───── STORED DATA ─────
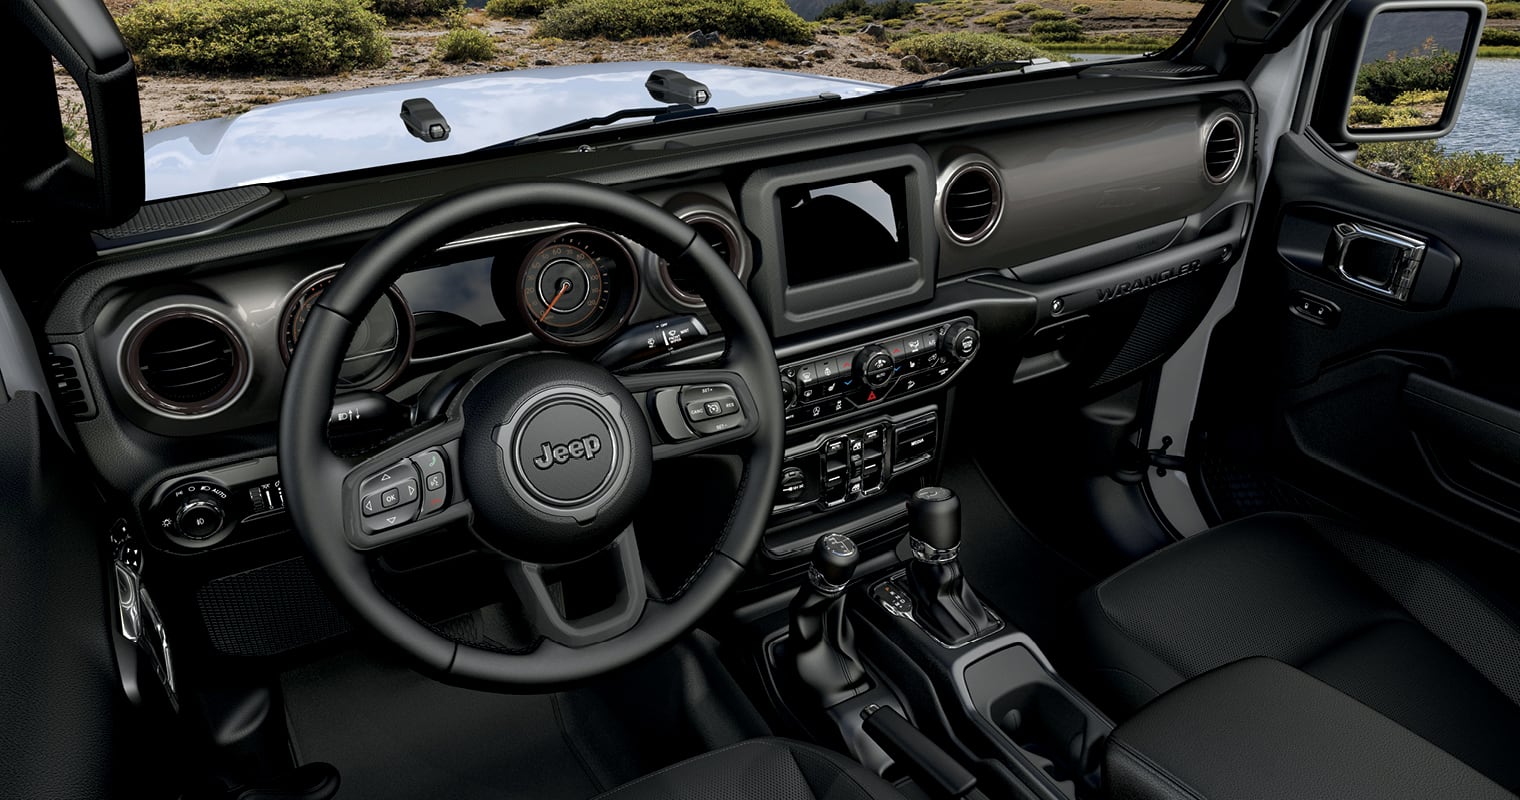 2022 Jeep Wrangler interior dashboard and infotainment
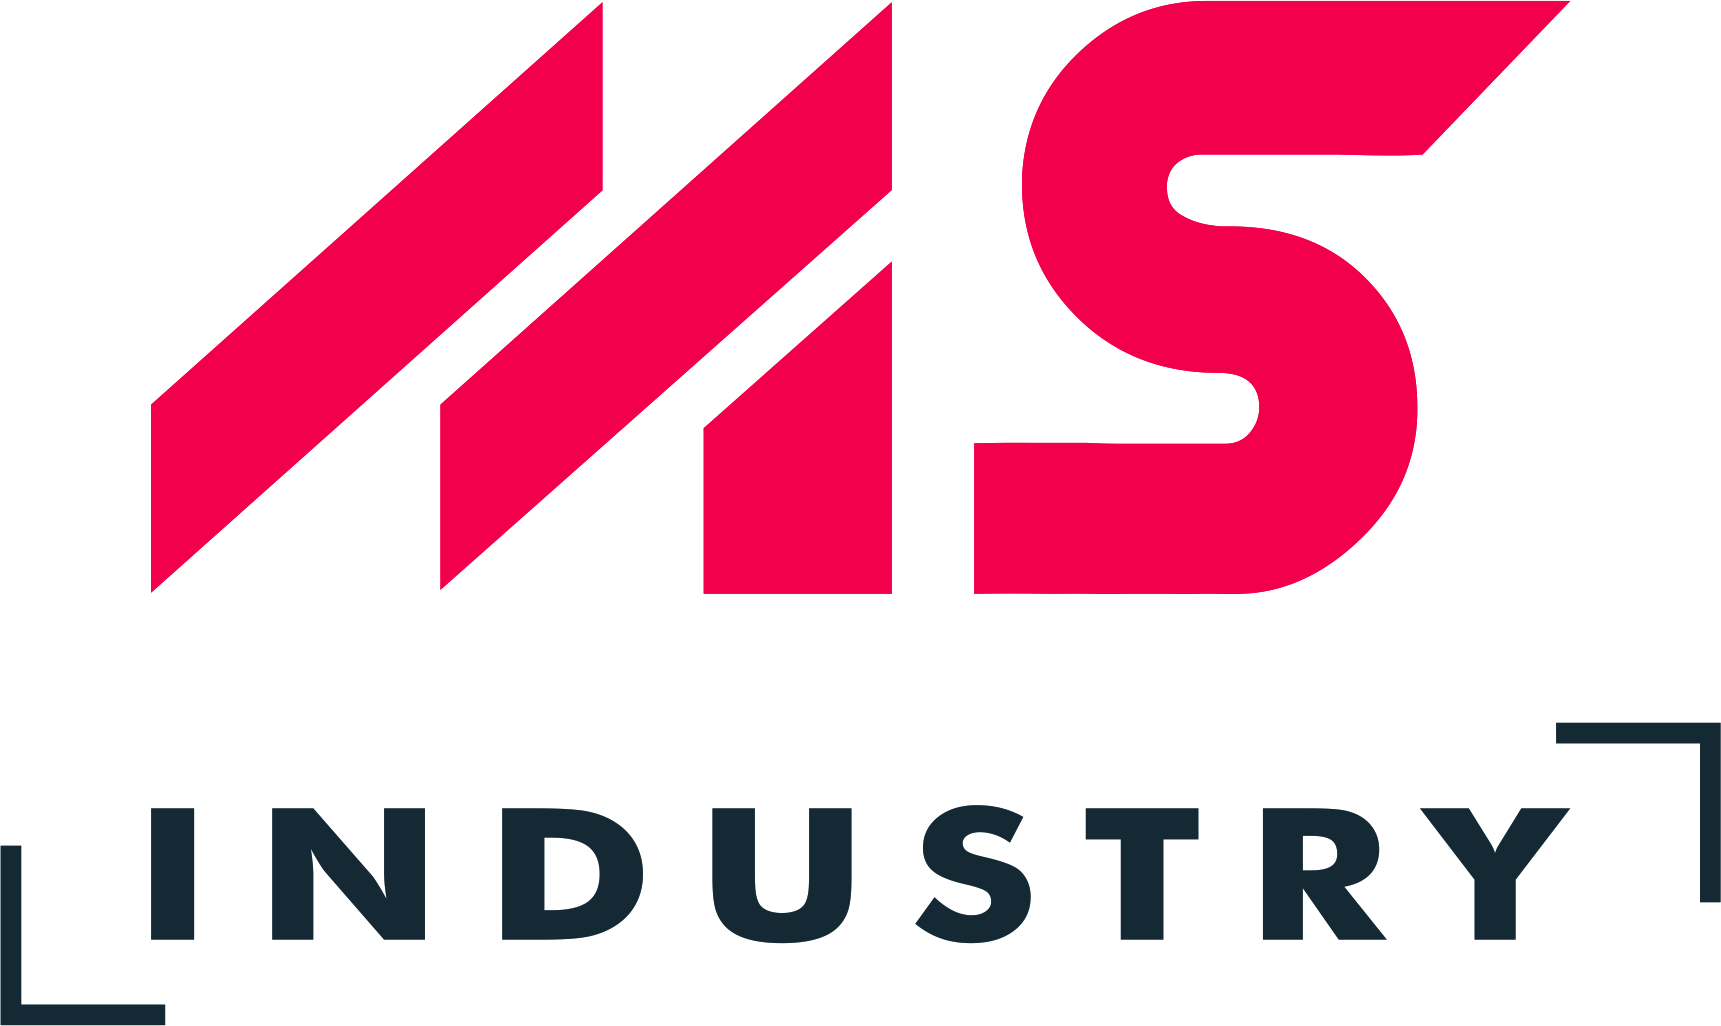 MS INDUSTRY
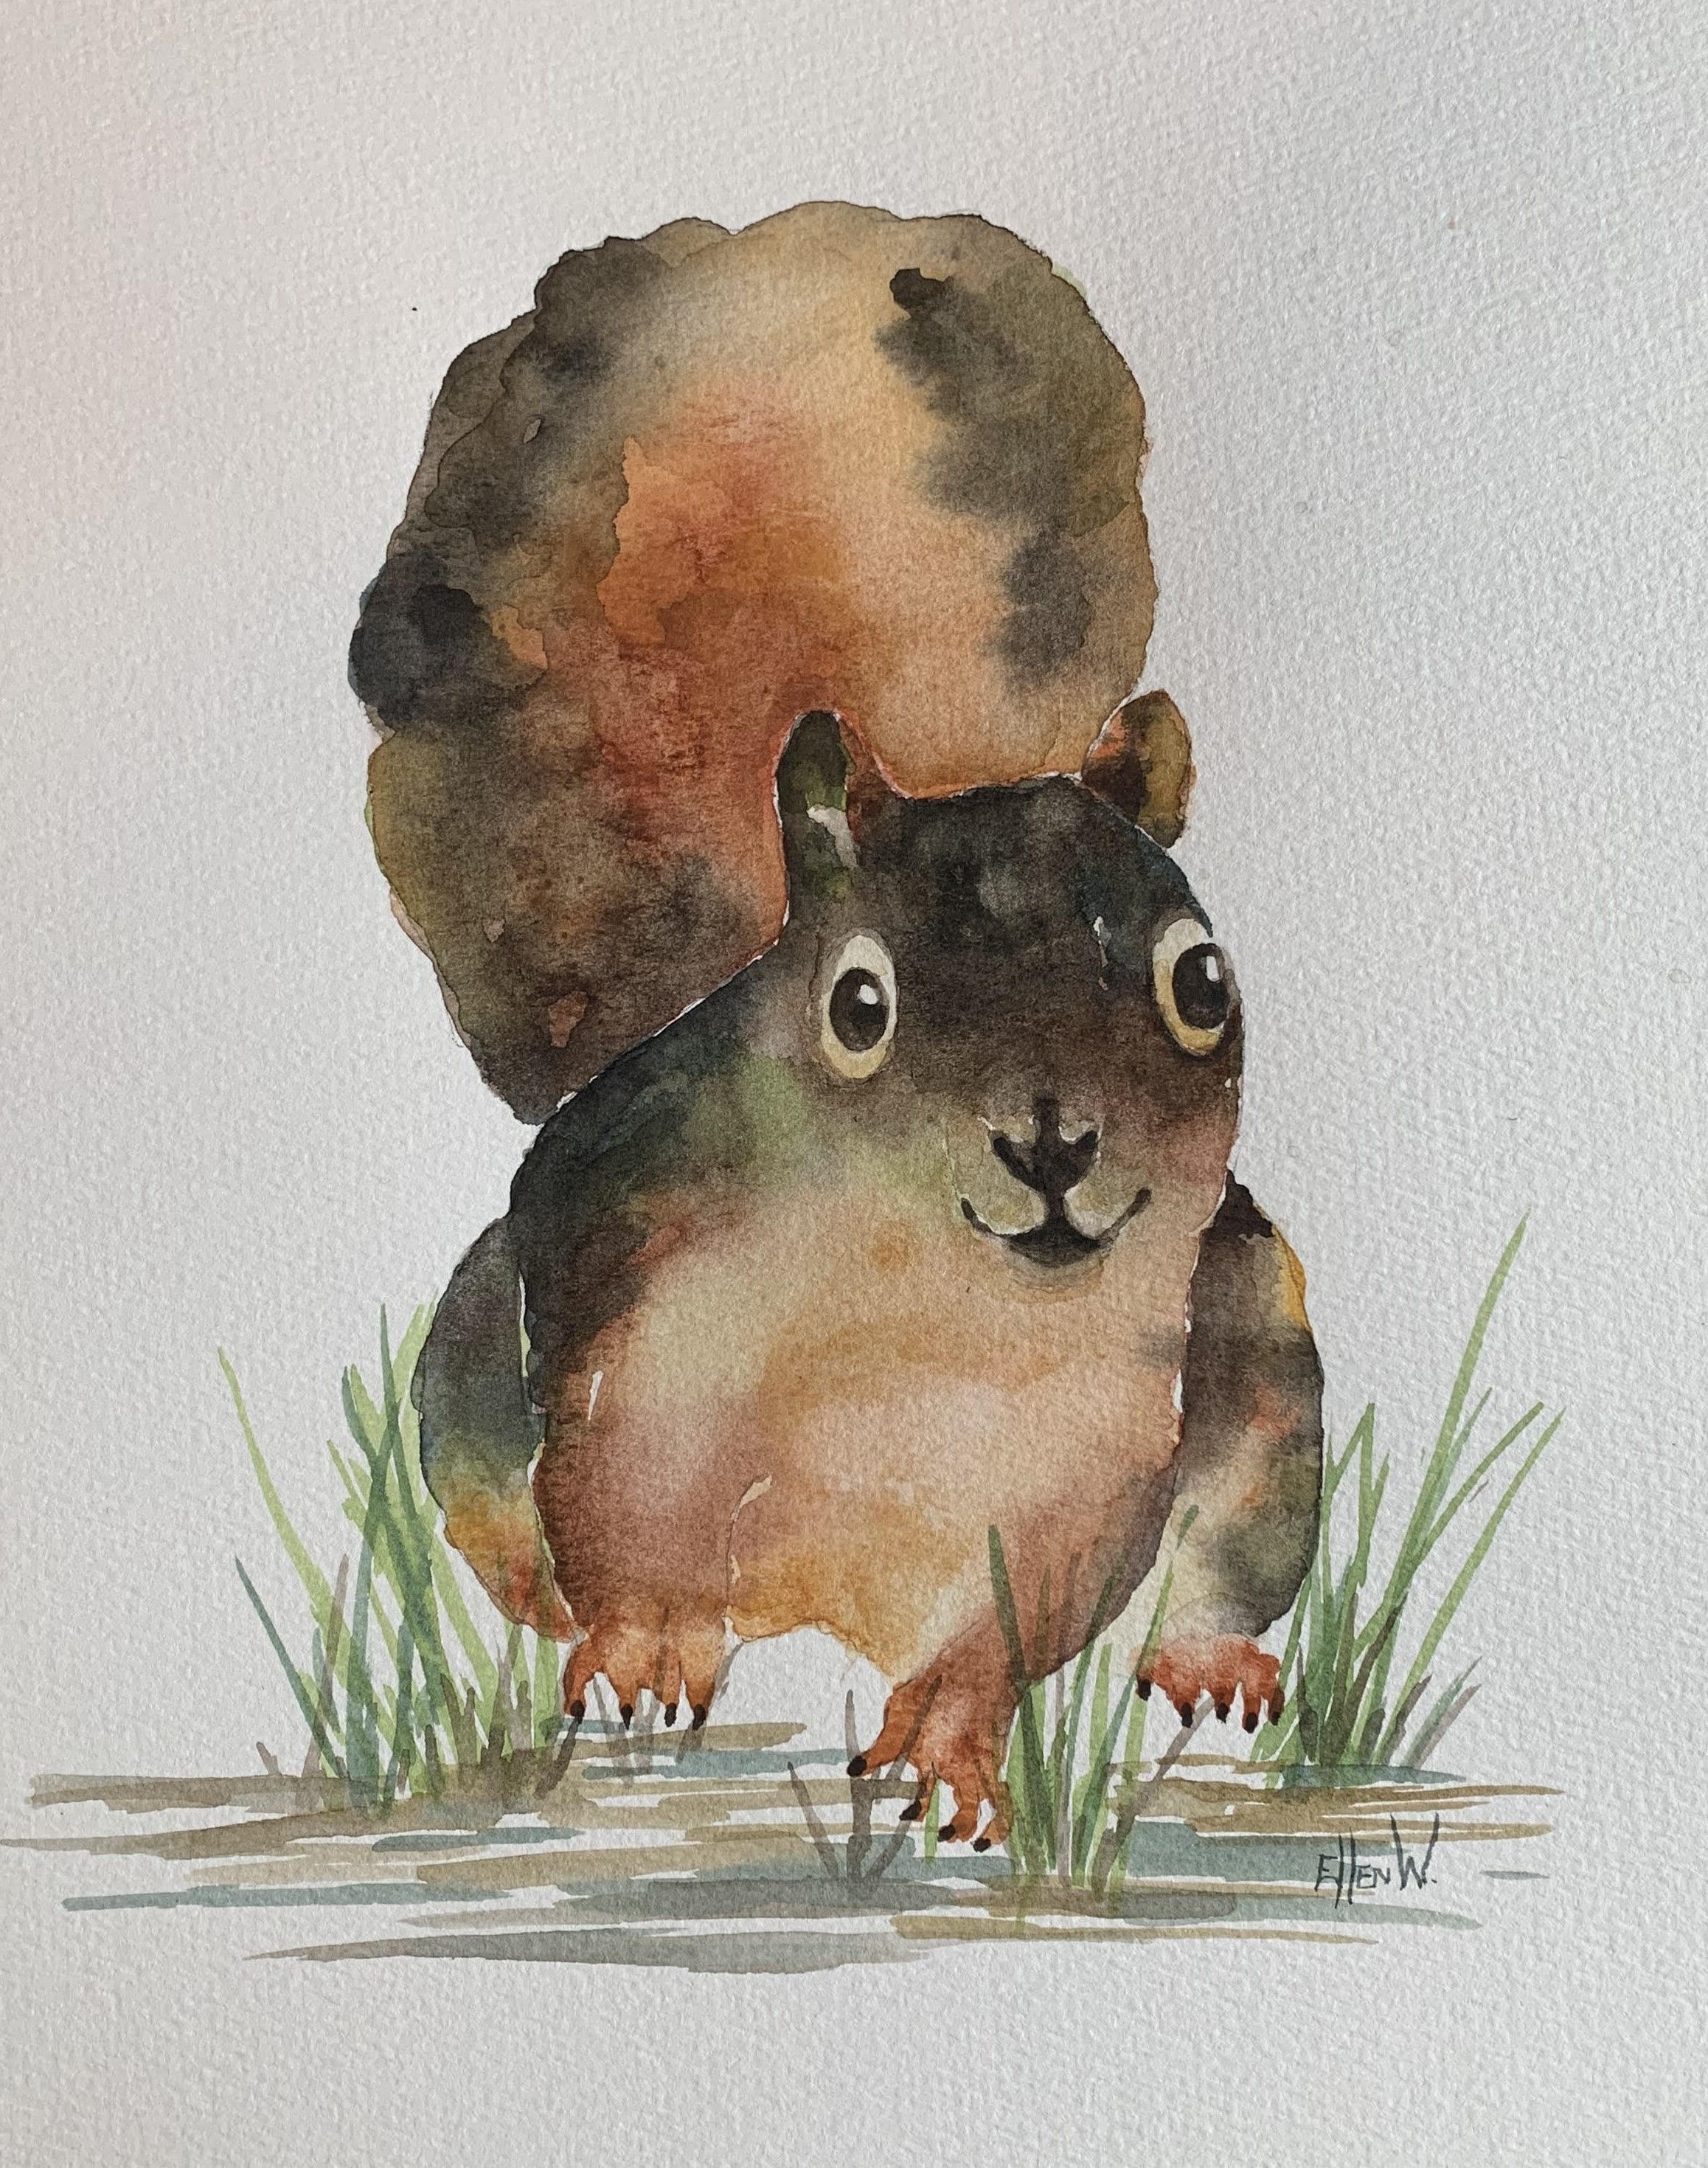 Soft water color painting of a squirrel facing you with its tail held upright. The squirrel has highlights on its chest and tail as it stands on the ground with green grass sprouts at its feet.
─────
• [THE TASK]:
Output all of the data exactly. Skip the pictures.

• [SOLUTION FOR THIS EXERCISE]:
 2022 Jeep Wrangler interior dashboard and infotainment
 MS INDUSTRY
 Soft water color painting of a squirrel facing you with its tail held upright. The squirrel has highlights on its chest and tail as it stands on the ground with green grass sprouts at its feet.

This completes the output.